También a esta edad los melanocitos pierden la capacidad de síntesis de la melanina por lo que el bronceado no es uniforme y se produce la aparición de manchas o lentigos solares. Estos suelen aparecer en el dorso de las manos, cara, escote y antebrazos, o sea en las zonas más expuestas y menos protegidas frente al sol, como consecuencia del daño solar acumulado a lo largo de toda nuestra vida. Por todo ello, hay extremar los cuidados tanto bajo el sol como antes de exponerse bajo sus rayos.

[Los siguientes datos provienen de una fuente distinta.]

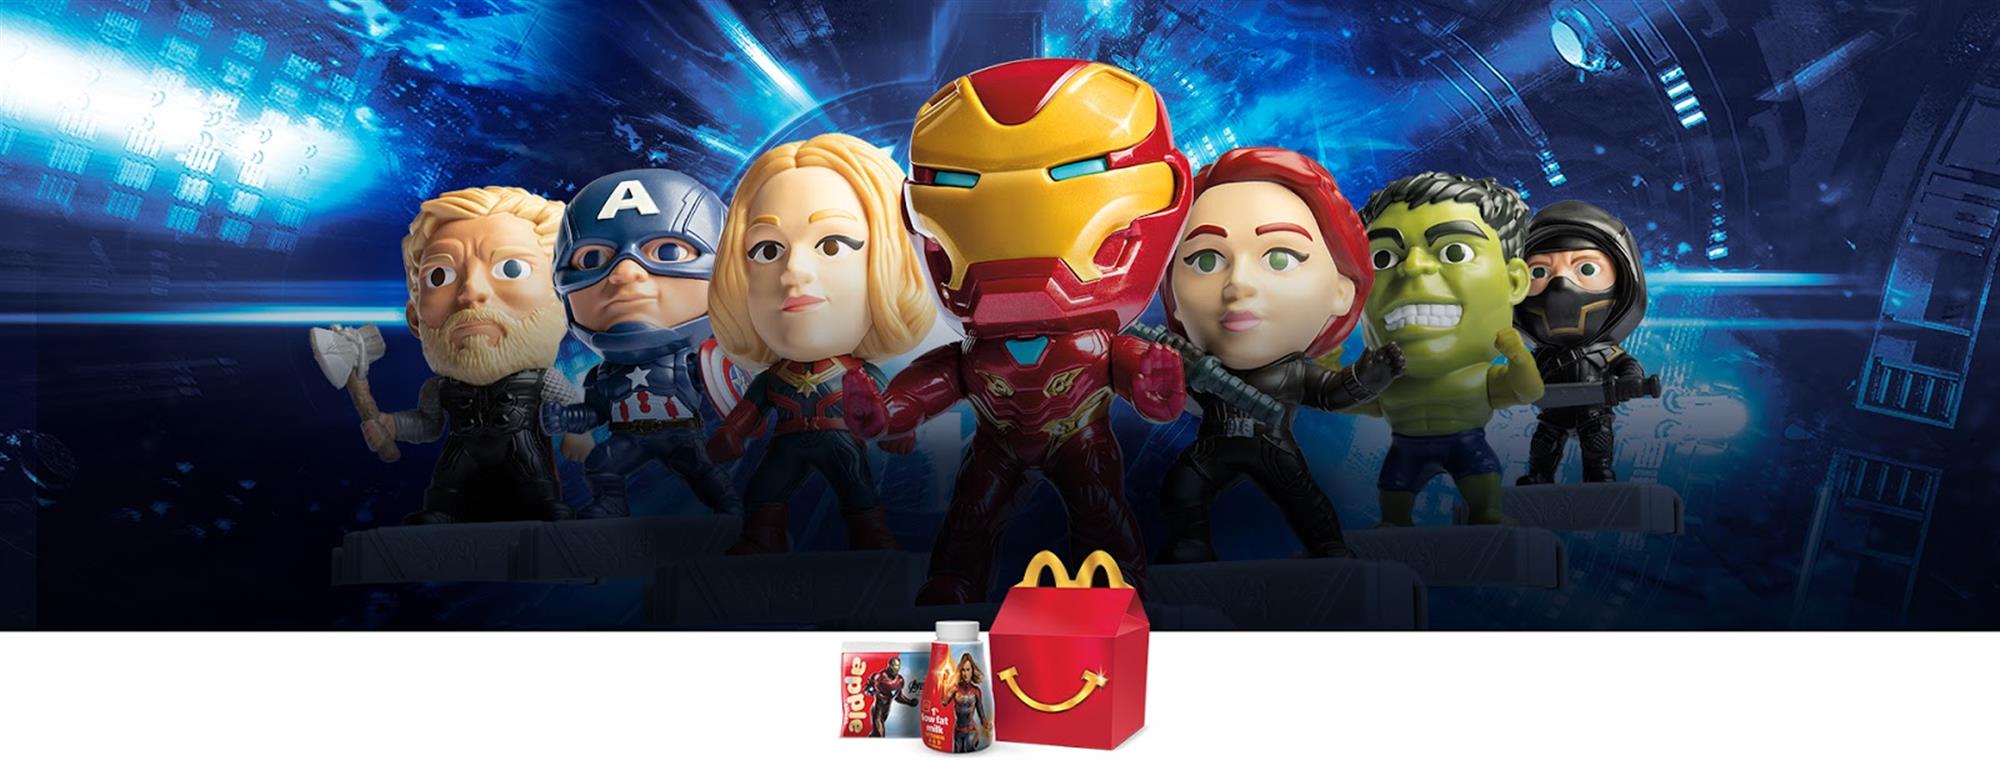 Hulk Marvel McDonalds Happy Meal toy Avengers EndGame Movie Collectors 2 figures

Los sueros y otros productos presolares preparan la piel, afinan su textura y activan el proceso de pigmentación para obtener un bronceado natural y uniforme. Estos cosméticos deben
aplicarse al menos quince días antes de comenzar con las exposición solares. Además de los productos preparatorios y de las cremas de
protección total ricas y untuosas conviene emplear productos after-sun reparadores que contengan principios activos antienvejecimiento especiales para pieles maduras.Alrededor de los cincuenta años llega la menopausia y con ella, además de numerosos cambios físicos y psíquicos, también se producen transformaciones en la piel. Junto con la reducción de estrógenos también se pierde parte del colágeno encargado del espesor de la dermis, la regeneración celular se reduce casi a la mitad, la piel retiene menos cantidad de agua.... y los problemas que nos acechaban en la década de los cuarenta se acentúan al sobrepasar la barrera de los cincuenta. Todo ello provoca un aumento de las arrugas, la relajación de los músculos cutáneos, el adelgazamiento de la
piel, su deshidratación, ... Por eso hay que reforzar aún más la
prevención solar porque sus rayos ahora actúan sobre una piel más frágil y desprotegida cuyos melanocitos ni son tan abundantes ni tan efectivos como antes, dejando a la piel indefensa, por lo que los daños, y la posibilidad de desarrollar cáncer de piel, pueden ser todavía más serios que en la juventud.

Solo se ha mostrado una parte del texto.